▶ _Supplied material_:
________________________

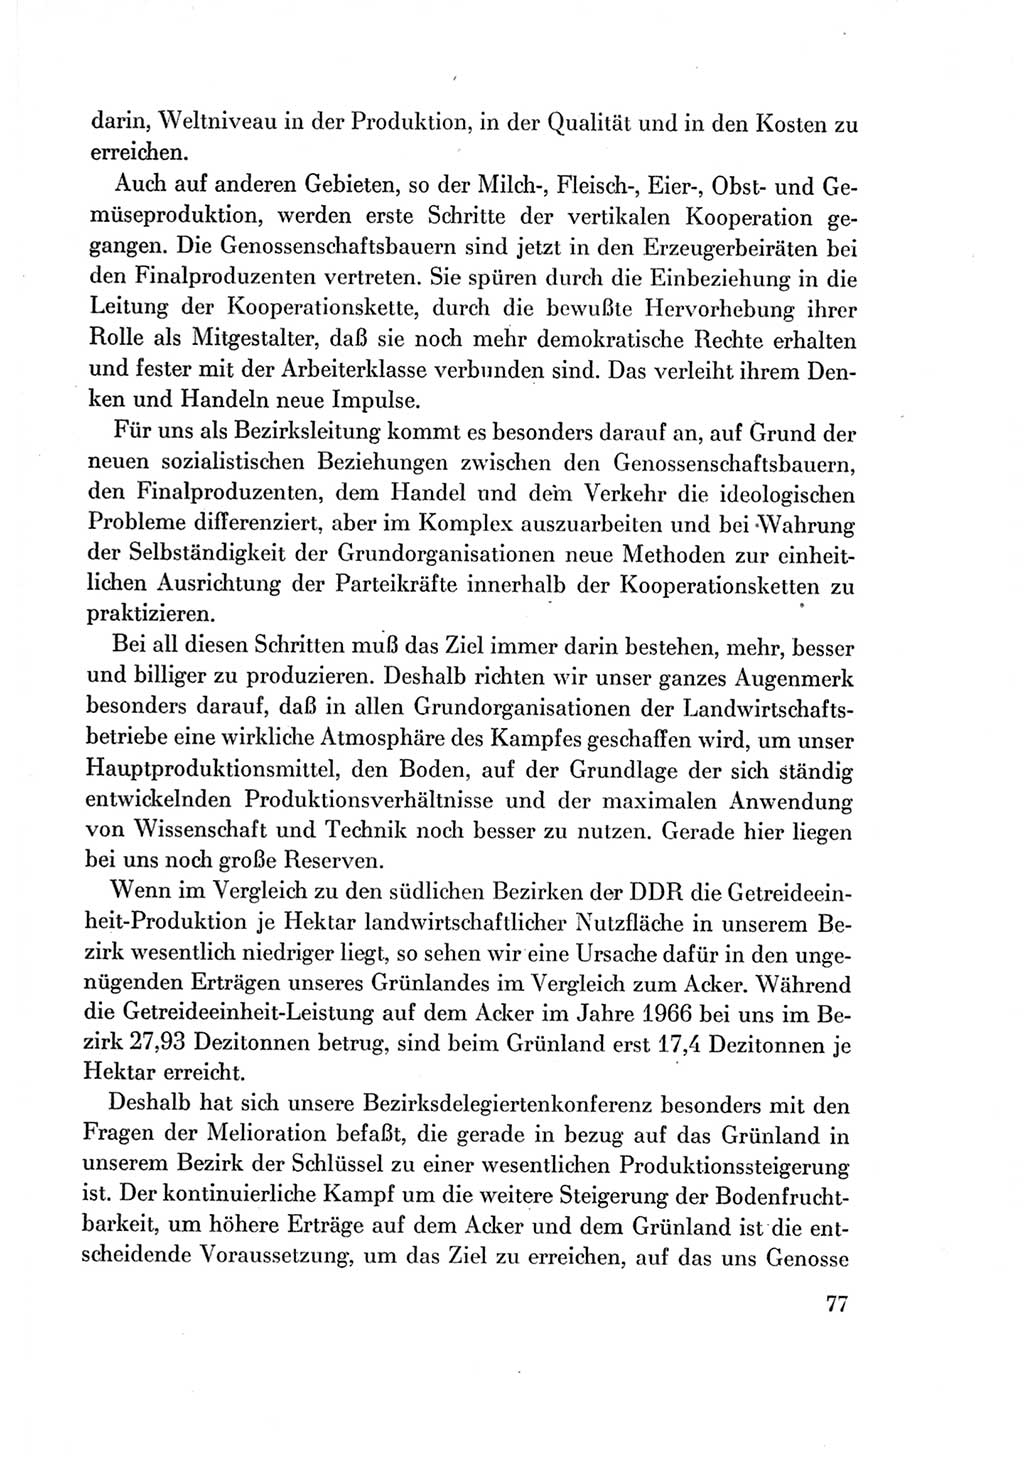 Protokoll der Verhandlungen des Ⅶ. Parteitages der Sozialistischen Einheitspartei Deutschlands (SED) [Deutsche Demokratische Republik (DDR)] 1967, Band Ⅱ, Seite 77 (Prot. Verh. Ⅶ. PT SED DDR 1967, Bd. Ⅱ, S. 77)
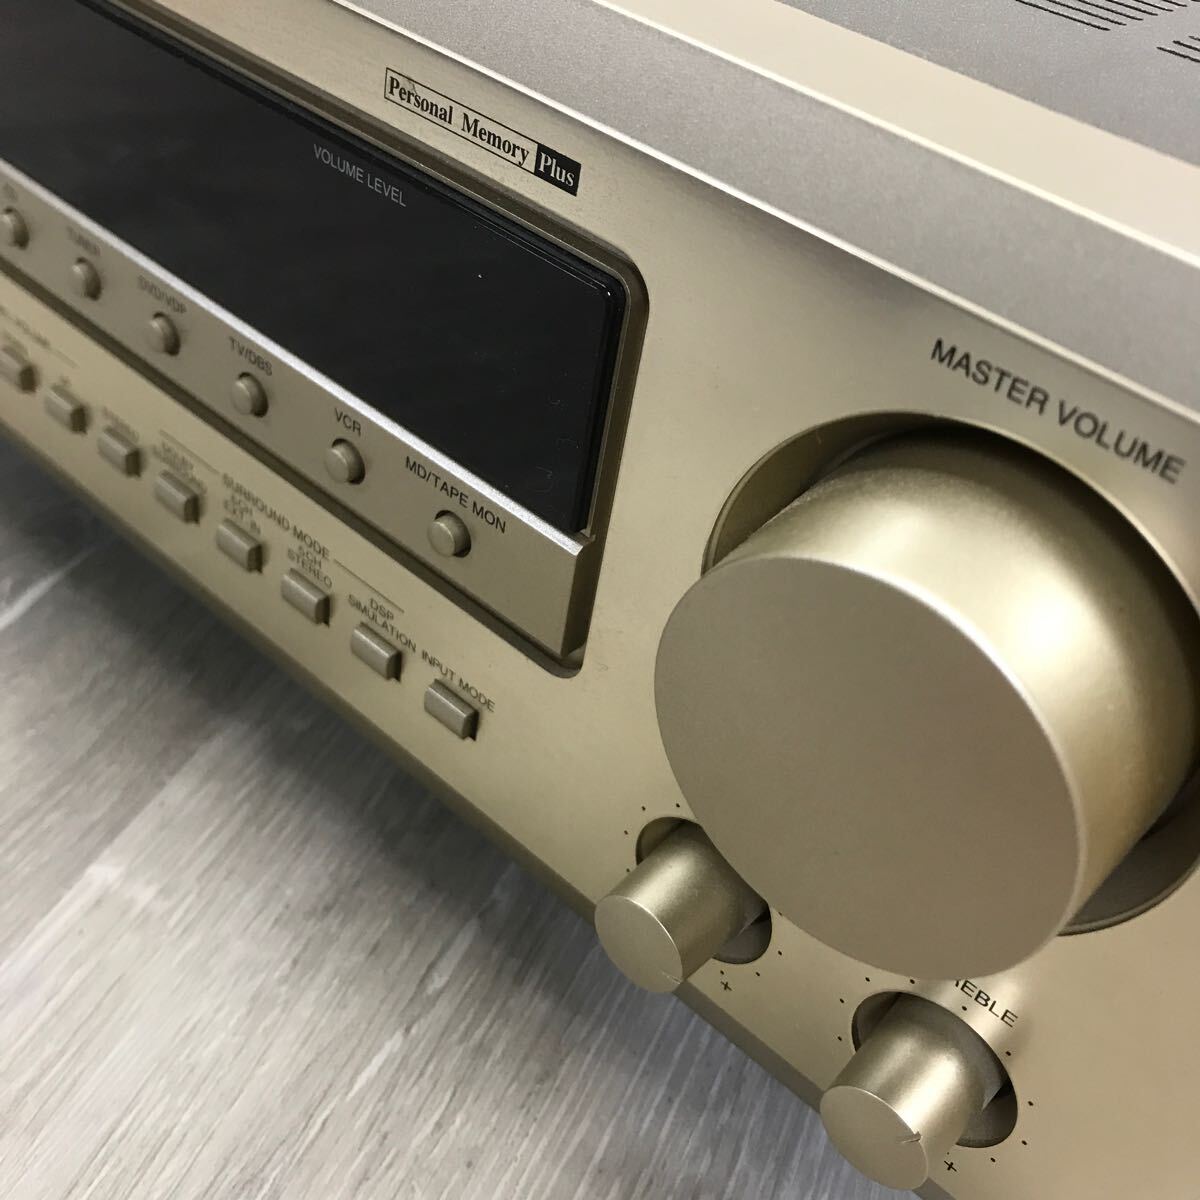 348 Japan ko rom Via DENON Denon AV Surround receiver AVR-1600 Gold AV amplifier amplifier 
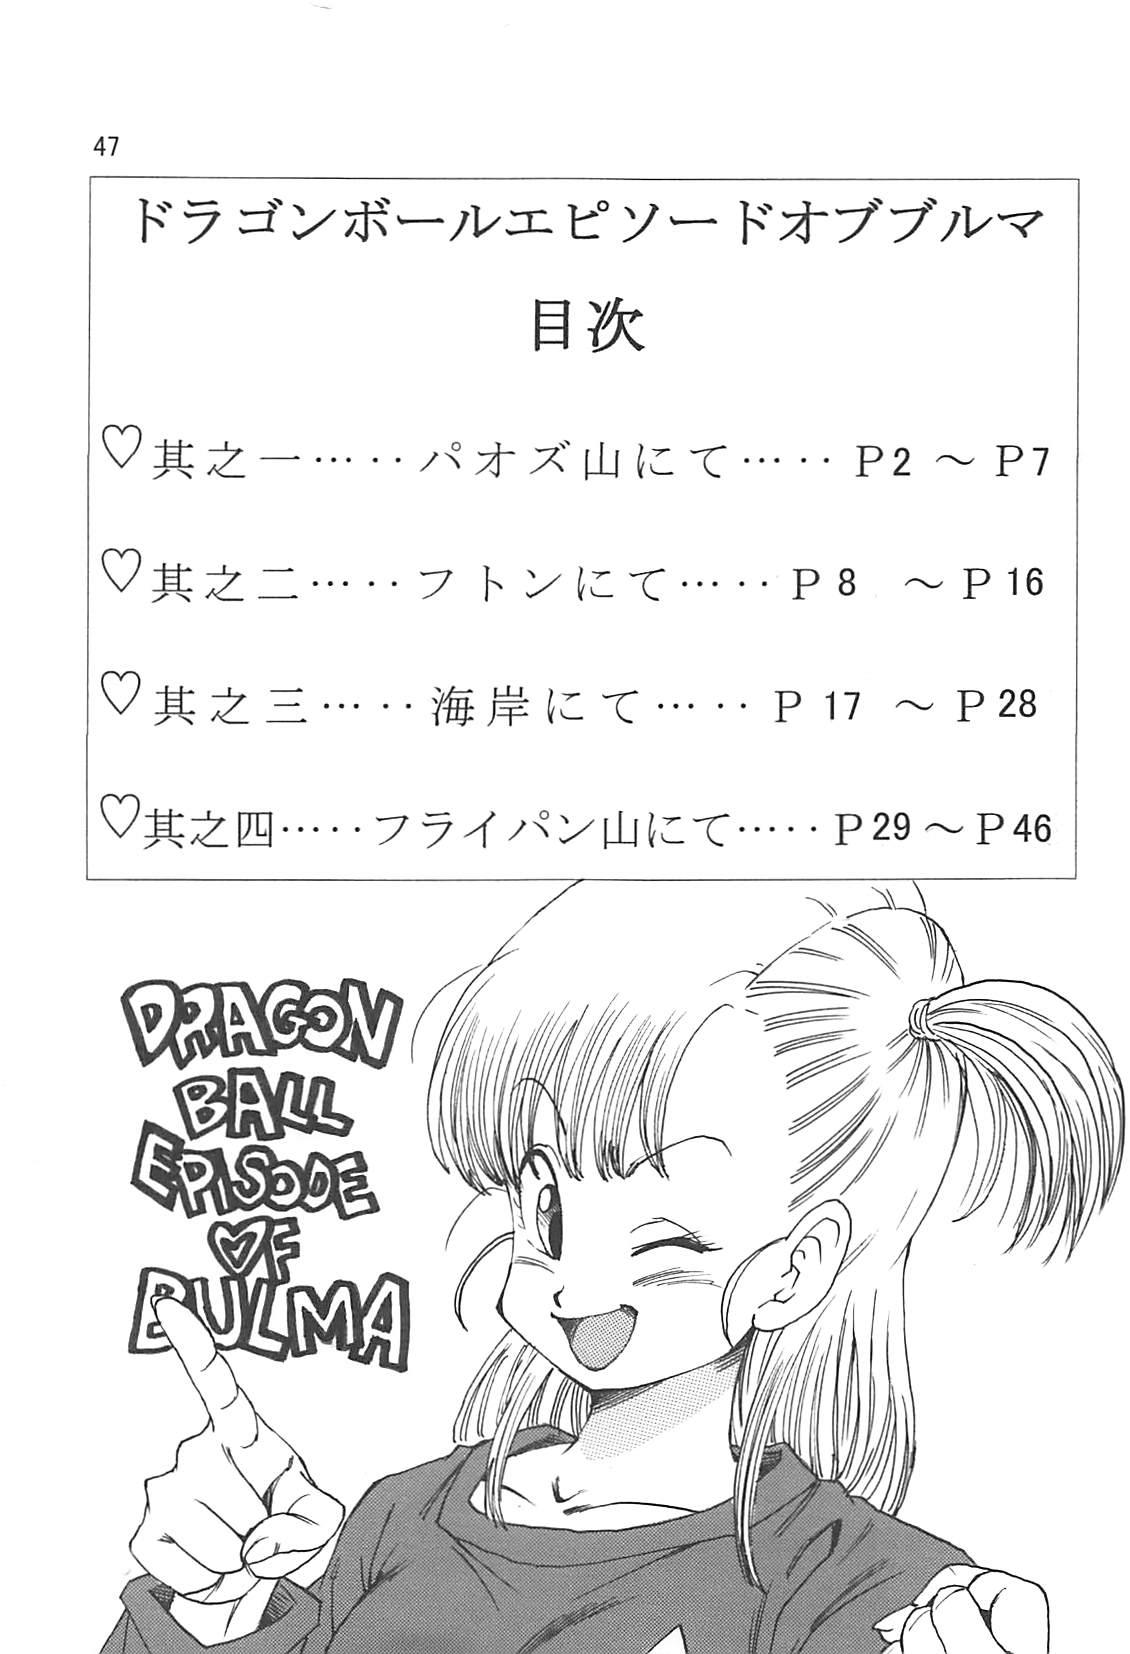 Dragon Ball Episode of Bulma 1 Fukkokuban 47

________________________

▶ _About this task_:
In the copy you return, include exactly the lines from the one containing "348 Japan ko" through the final line of the listing, and no pictures.

▶ _Written answer_:
 348 Japan ko rom Via DENON Denon AV Surround receiver AVR-1600 Gold AV amplifier amplifier 
 Dragon Ball Episode of Bulma 1 Fukkokuban 47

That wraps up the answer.